I can see that the matrix coefficient $f_{\phi,u}$ is a function from $G\to\mathbb{C}$ and thus I get an embedding $V\otimes V^*\to \rho_\text{reg}$. How can I show that this a morphism of representations though? And afterwards I know that $V\otimes V^*\simeq \text{End}(V)\simeq M_n(\mathbb{C})$ but where can I go from there?
Edit: I know how to prove it using Wedderburn-Artin so it should not be used in this case
Best Answer
Question: "I am asked to prove that every irreducible representation of G is isomorphic to a subrepresentation of the regular representation using matrix coefficients."
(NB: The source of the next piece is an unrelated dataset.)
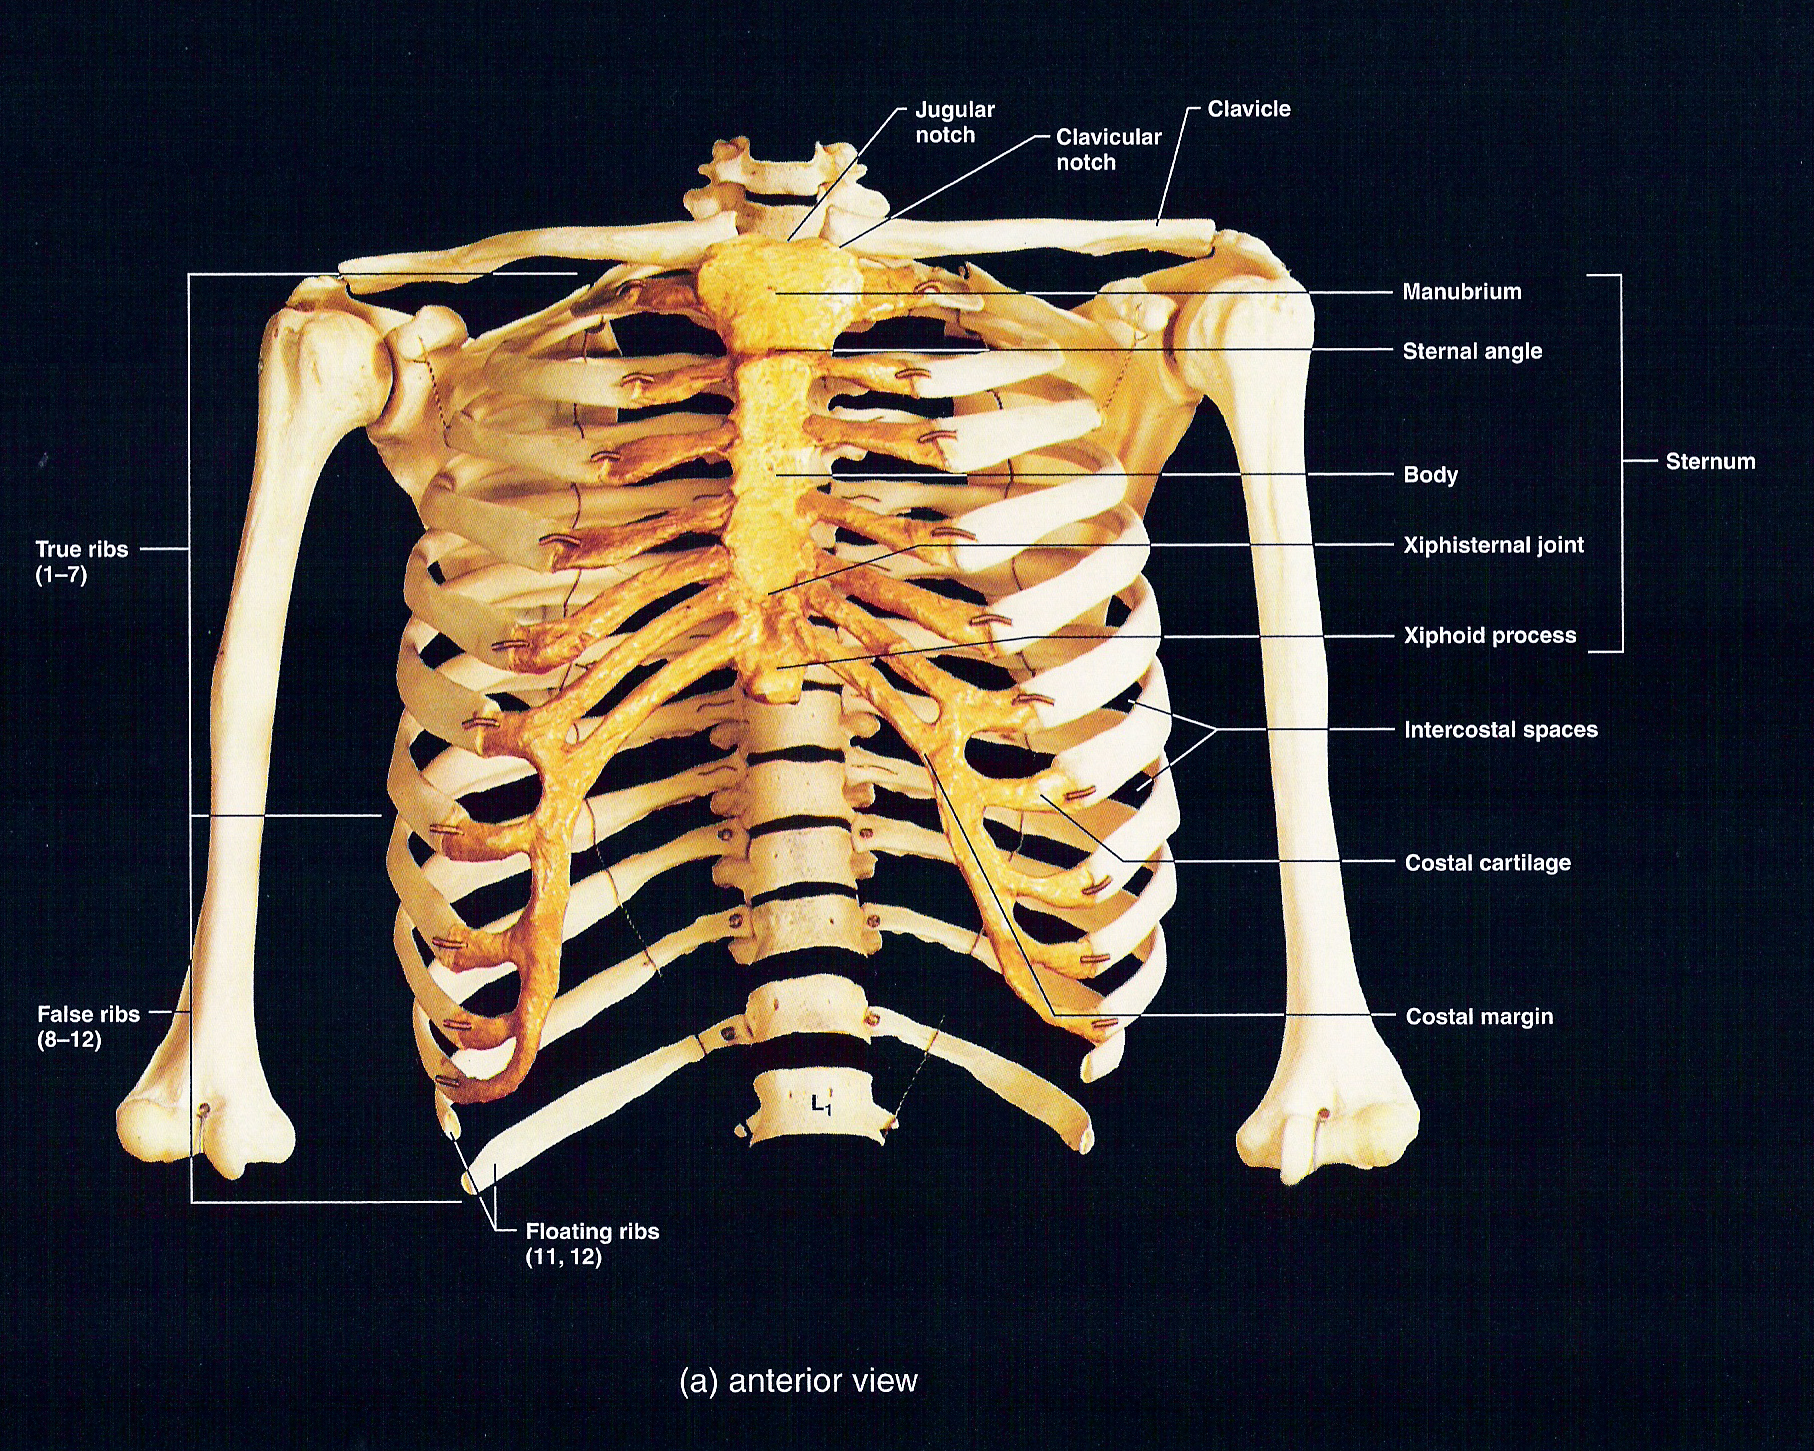 Thorax Anterior View Of Human Body Biology Forums Gallery Rib Cage Images And Photos Finder

Answer: You find an elementary proof in Fulton-Harris Proposition 3.29. If $W_i$ are the finite dimensional irreducible $G$-modules they prove there is an isomorphism
$$ \mathbb{C}[G] \cong \oplus_i End(W_i).$$
I do not see any mention of the Wedderburn-Artin theorem in the proof.
To prove that a mapping of vector spaces is a map og $G$-modules you must prove it "commutes with the action of $G$": If $\psi: V^*\otimes_k V \rightarrow \rho_{reg}$ is a $k$-linear map you must prove that for any elements $g\in G, x \in V^*\otimes_k V$
it follows $\psi(gx)=g\psi(x)$.
Example: Examples of such maps are "natural maps" such as the isomorphism
$$f:Hom_k(E\otimes_k F, G) \cong Hom_k(E,Hom_k(F,G)).$$
If $E,F,G$ are $G$-modules it follows $f$ is an isomorphism of $G$-modules.
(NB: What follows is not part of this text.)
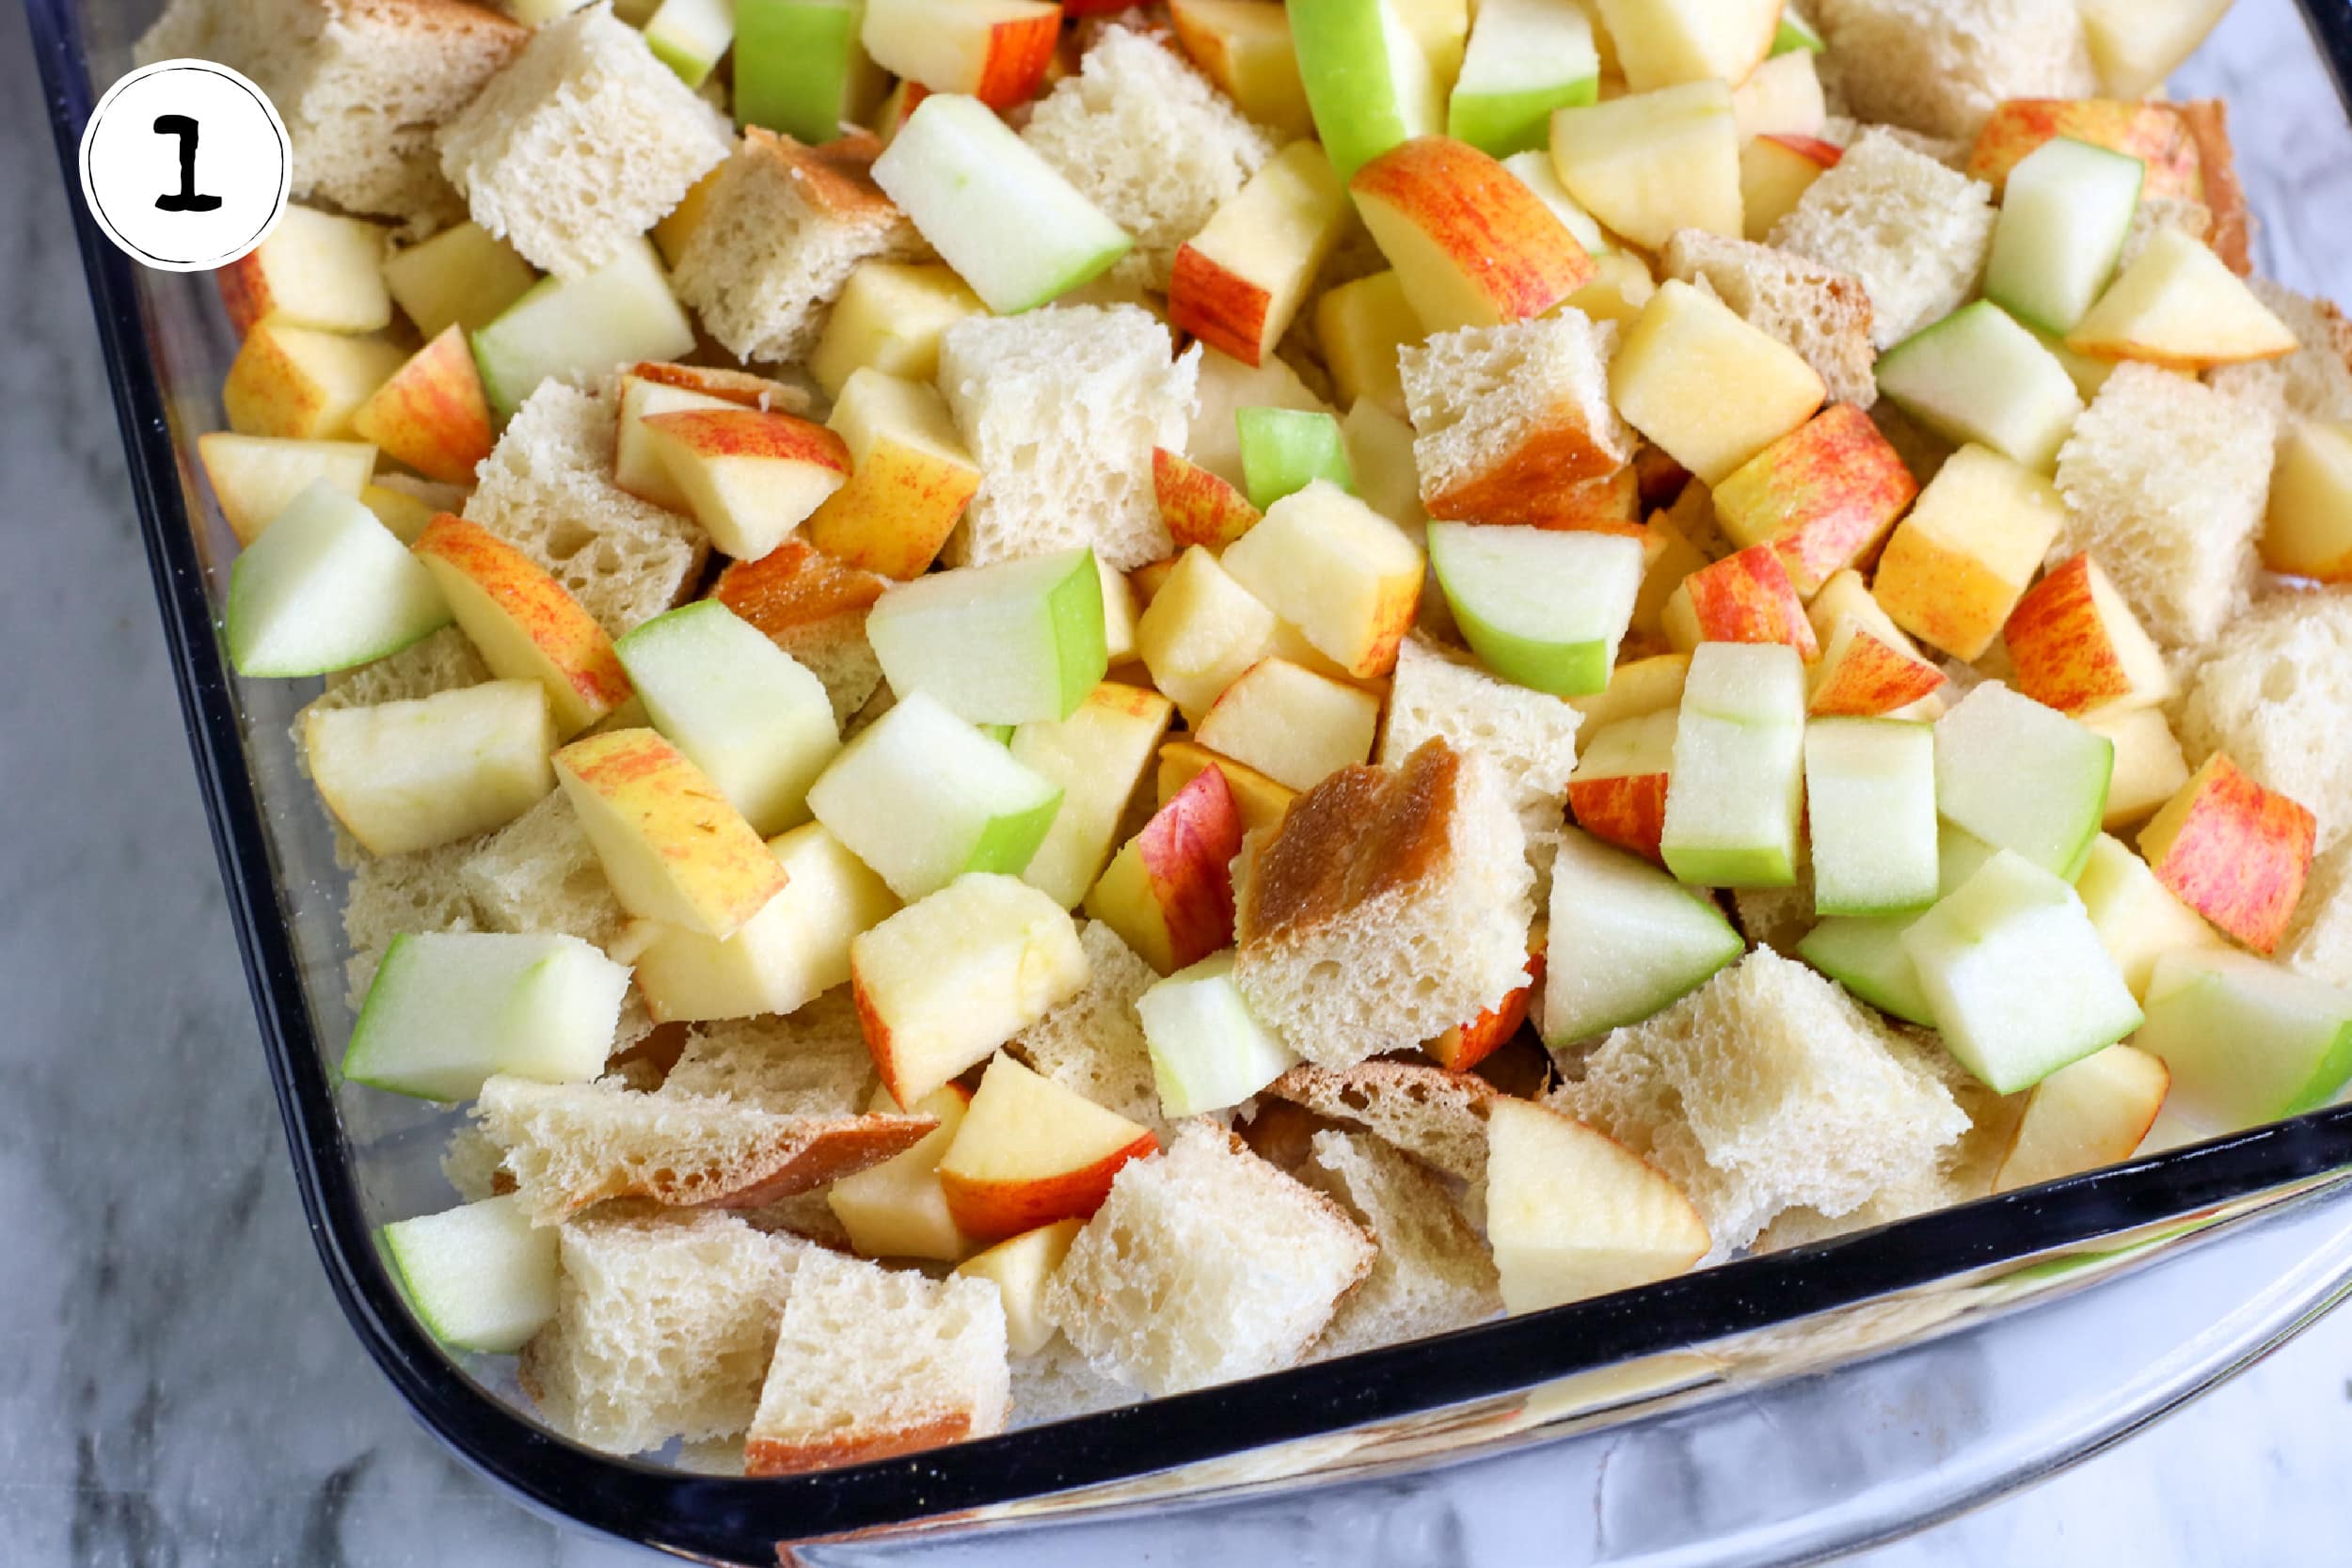 Diced Apples and Cubed Challah Bread in Casserole Dish.

Here is an explicit non-trivial example:
How to construct an isomorphism $\wedge^2 V \xrightarrow{\sim} \wedge^2 V\otimes U^{\prime}$ as representations of $S_5$?
Note: You write
"For a representation ρ:G→GL(V) we define the matrix coefficient as fϕ,v=ϕ(ρgv) where v∈V and u∈V∗ is a linear functional."
Can you check this? What is $\rho_g$ and should $u=\phi$?
If you mean $f_{\phi,v}:=\phi(\rho(g)v)$ you get for any $g\in G$ an element
$$f_{\phi,v}(g):=\phi(\rho(g)v) \in k,$$
and this is a map
$$f_{\phi,v}: G \rightarrow k.$$
You get a map
$$\psi: V^*\otimes V \rightarrow Hom(G,k)$$
defined by
$$\psi(\phi \otimes v)(g):=f_{\phi,v}(g).$$
We get
$$\psi(h(\phi \otimes v))(g)=\psi((h\phi)\otimes (hv))(g)=$$
$$f_{h\phi, hv}(g)=\phi(h^{-1}ghv).$$
We moreover get
$$h\psi(\phi \otimes v)(g):=(hf_{\phi,v})(g)=f_{\phi,v}(gh)=\phi(ghv).$$
It seems the map $\psi$ I define above is not a map of $G$-modules. Your map may not be this one. You must specify your map - write down an explicit formula.
Note: If $T:=k$ is the trivial $G$-module there is a canonical map
$$tr: V^*\otimes_k V \rightarrow T$$
of $G$-modules:
$$tr(g(\phi \otimes v))=tr((g\phi)\otimes gv):=(g\phi)(gv):=\phi(v):=gtr(\phi \otimes v).$$
Hence $V^*\otimes_k V$ is not irreducible in general. Hence if you construct a map
$$\psi': V^*\otimes_k V \rightarrow Hom(G,k)$$
it may be $ker(\psi')\neq (0)$.
Note: There are many ways to embed an irreducible module into the group algebra: If $V$ is a finite dimensional irreducible $G$ module and if $0 \neq v\in V$ is any non-zero vector there is a canonical surjective map
$$\rho_v: \mathbb{C}[G] \rightarrow V \rightarrow 0$$
defined by $\rho_v(x):=xv$. We get a direct sum decomposition
$$\mathbb{C}[G] \cong W \oplus V$$
where $W:= ker(\rho_v)$ and this gives an embedding $V \subseteq \mathbb{C}[G]$ as a sub-$G$-module.
If $V_1,..,V_n$ are all finite dimensional irreducible representations of $G$, you may using this method to realize these as sub-$G$-modules of $\mathbb{C}[G]$. The decomposition of $\mathbb{C}[G]$ into irreducible $G$-modules gives the formula
$$I1.\text{ }\mathbb{C}[G] \cong \oplus_{i=1}^n V_i^{\oplus dim(V_i)}.$$
If $V_i:=k\{e(i)_1,..,e(i)_{n_i}\}$ you get embeddings
$$\rho_{e(i)_j}: V_i \rightarrow \mathbb{C}[G]$$
for all $j$. I guess this gives the formula $I1$.
There is as you noted for every $\phi \in V^*$ a map
$$f_{\phi}: V \rightarrow Hom(G,k)$$
defined by
$$f_{\phi}(v)(g):=\phi(gv).$$
It follows
$$f_{\phi}(hv)=hf_{\phi}(v)$$
and the map is $G$-linear. Since $V$ is irreducible it follows this map is injective.